Badia Sriracha Nutrition

Here’s a table showing the nutrition of Badia Sriracha:

Sodium115 mg — 5% DV
Sugars0 g

From above, you can see that Badia Sriracha is pretty light on calories, fat, carbs and sugar, with a small amount of sodium and protein thrown in the mix.

Is Badia Sriracha Gluten Free?

If you’re keeping an eye out for gluten, then good news for you, because Badia Sriracha is totally gluten-free! 

None of its ingredients have any ties to wheat or gluten. 

Even the vinegar used in its recipe is safe for those avoiding gluten.

On top of that, this sauce is also kosher-friendly and totally skips out on any MSG. 

So if you’re following a kosher diet or avoiding MSG, you’re good to go with this one.

However, just a heads-up for those following a Halal diet, Badia Sriracha doesn’t meet the halal criteria. 

So while it ticks a lot of boxes, it might not be the right fit for everyone.

How Much Does Badai Sriracha Cost? And Is It Cost Effective?

So you’re wondering about the cost of Badia Sriracha and if it’s a bang for your buck, huh?

Well, the price can shift a bit based on the bottle size and where you’re buying it from.

As of now, you can snag a 17oz bottle on Amazon for around $11.25, which is the lowest price I came across.

This is a bit pricier than other brands like Tabasco Sriracha or Dynasty Sriracha at certain stores.

Now, as to whether it’s worth the price tag, it really boils down to your personal preference.

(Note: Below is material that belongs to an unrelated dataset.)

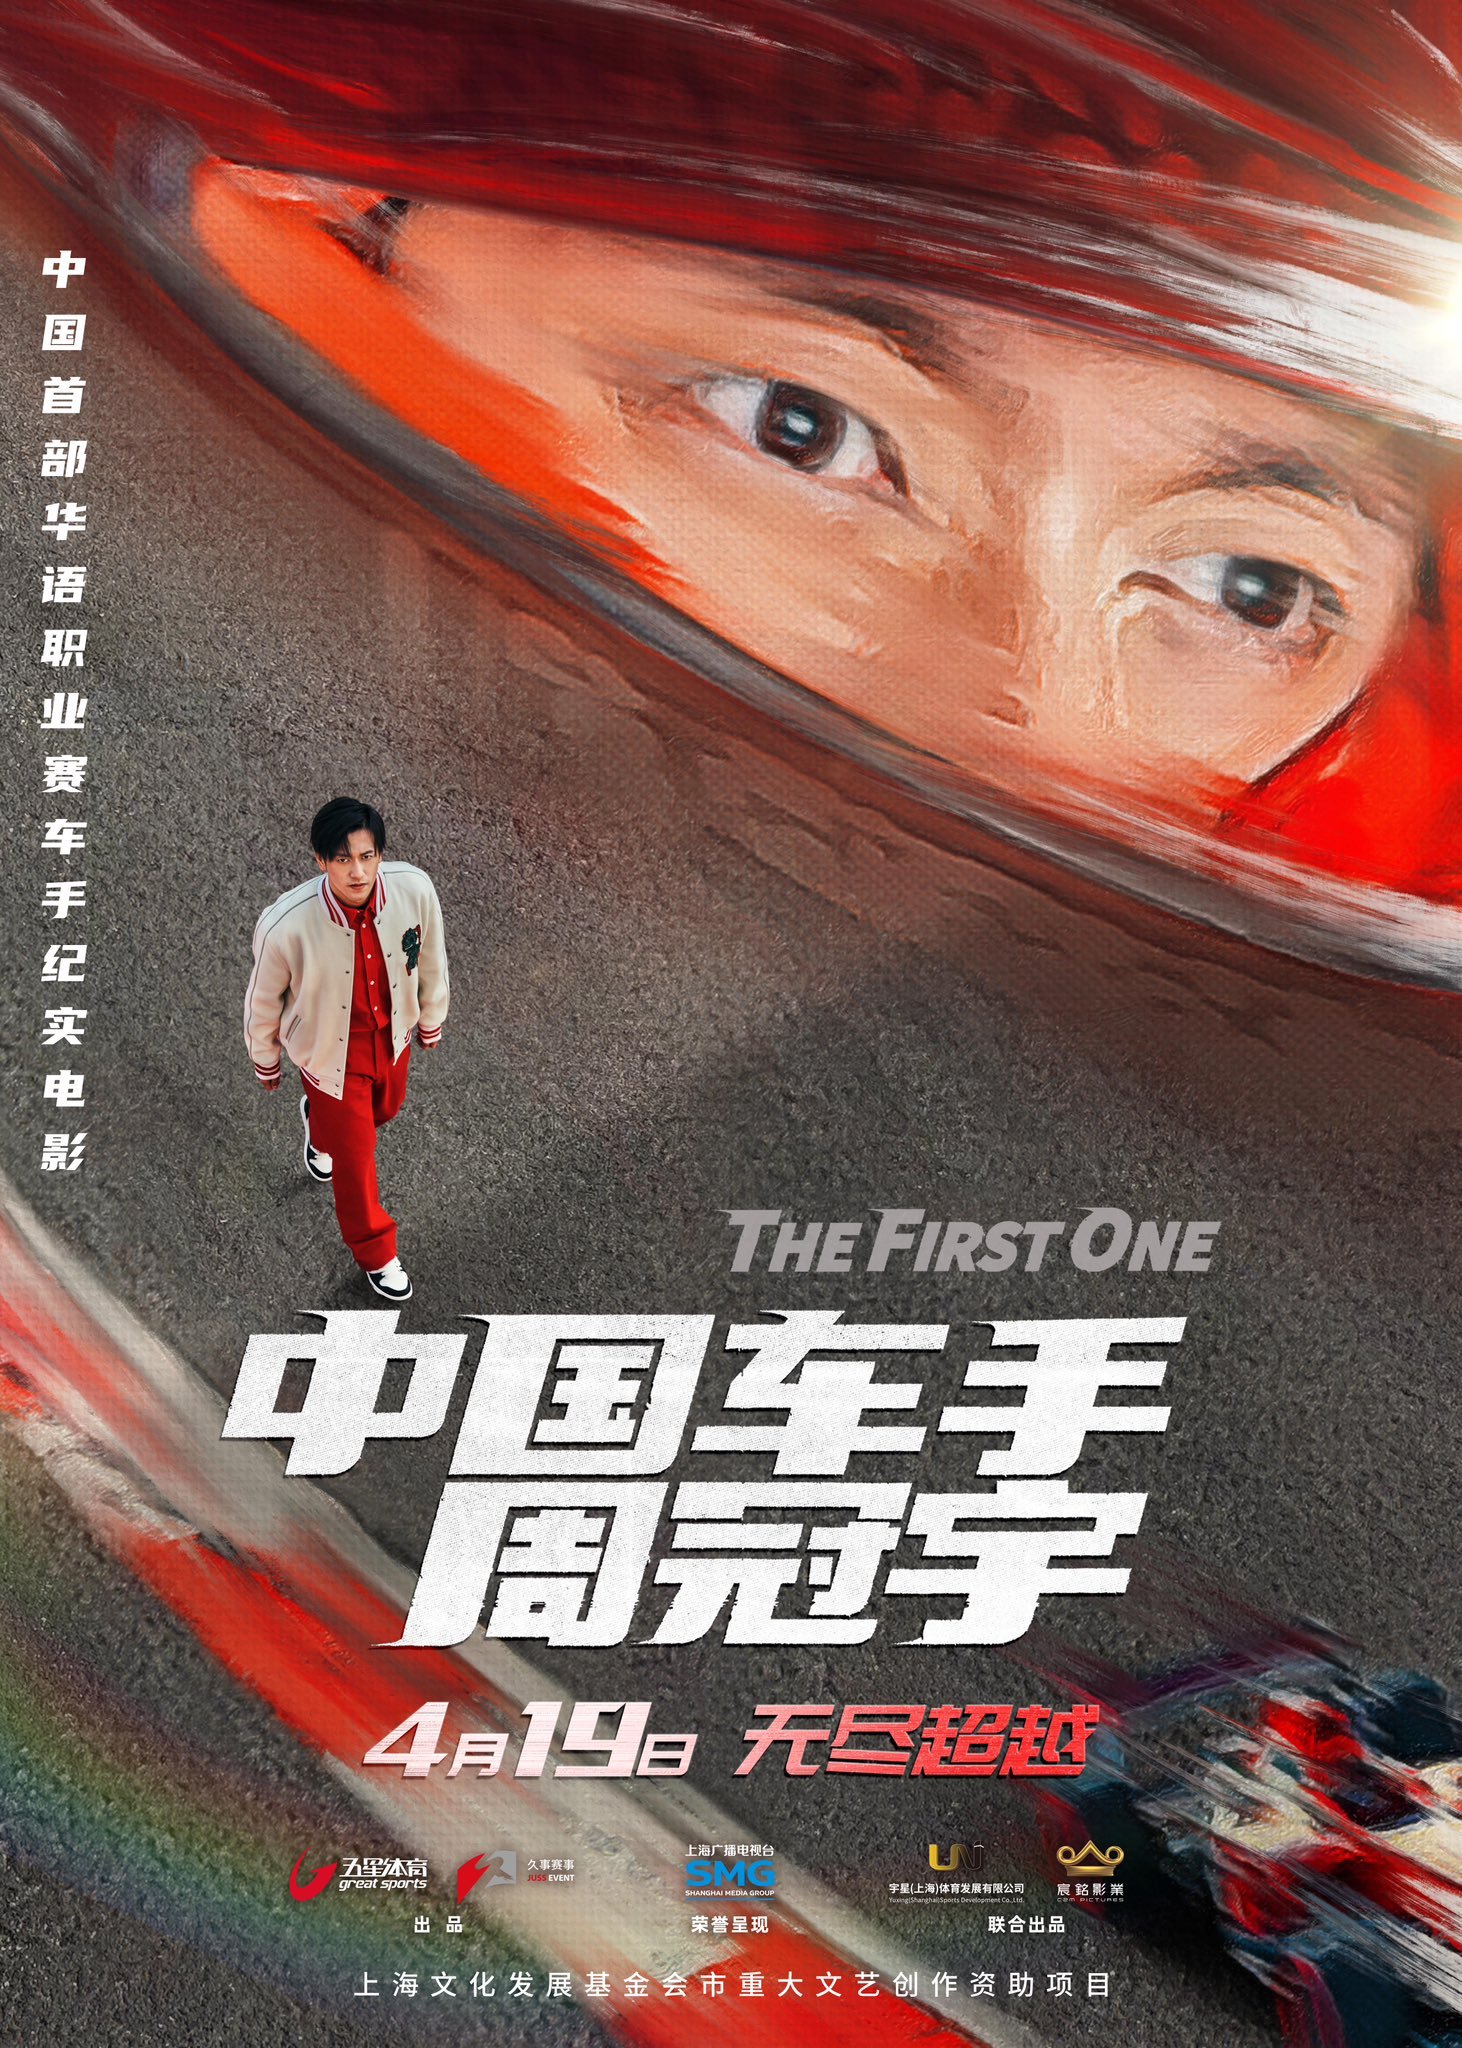 “The first one”, documentário sobre a trajetória de Zhou Guanyu é anunciado

For me, I’ve got to say that it doesn’t quite hit the mark. I’ve found that I prefer the taste of Dynasty and Tabasco Sriracha over Badia.

Plus, I can get a bigger bottle of those brands for less cash.

So for my money, Badia Sriracha isn’t the most cost-effective option.

But remember, taste is subjective!

What’s not quite my jam might be totally your cup of tea.

So, consider your personal preference and the price tag before you make the call!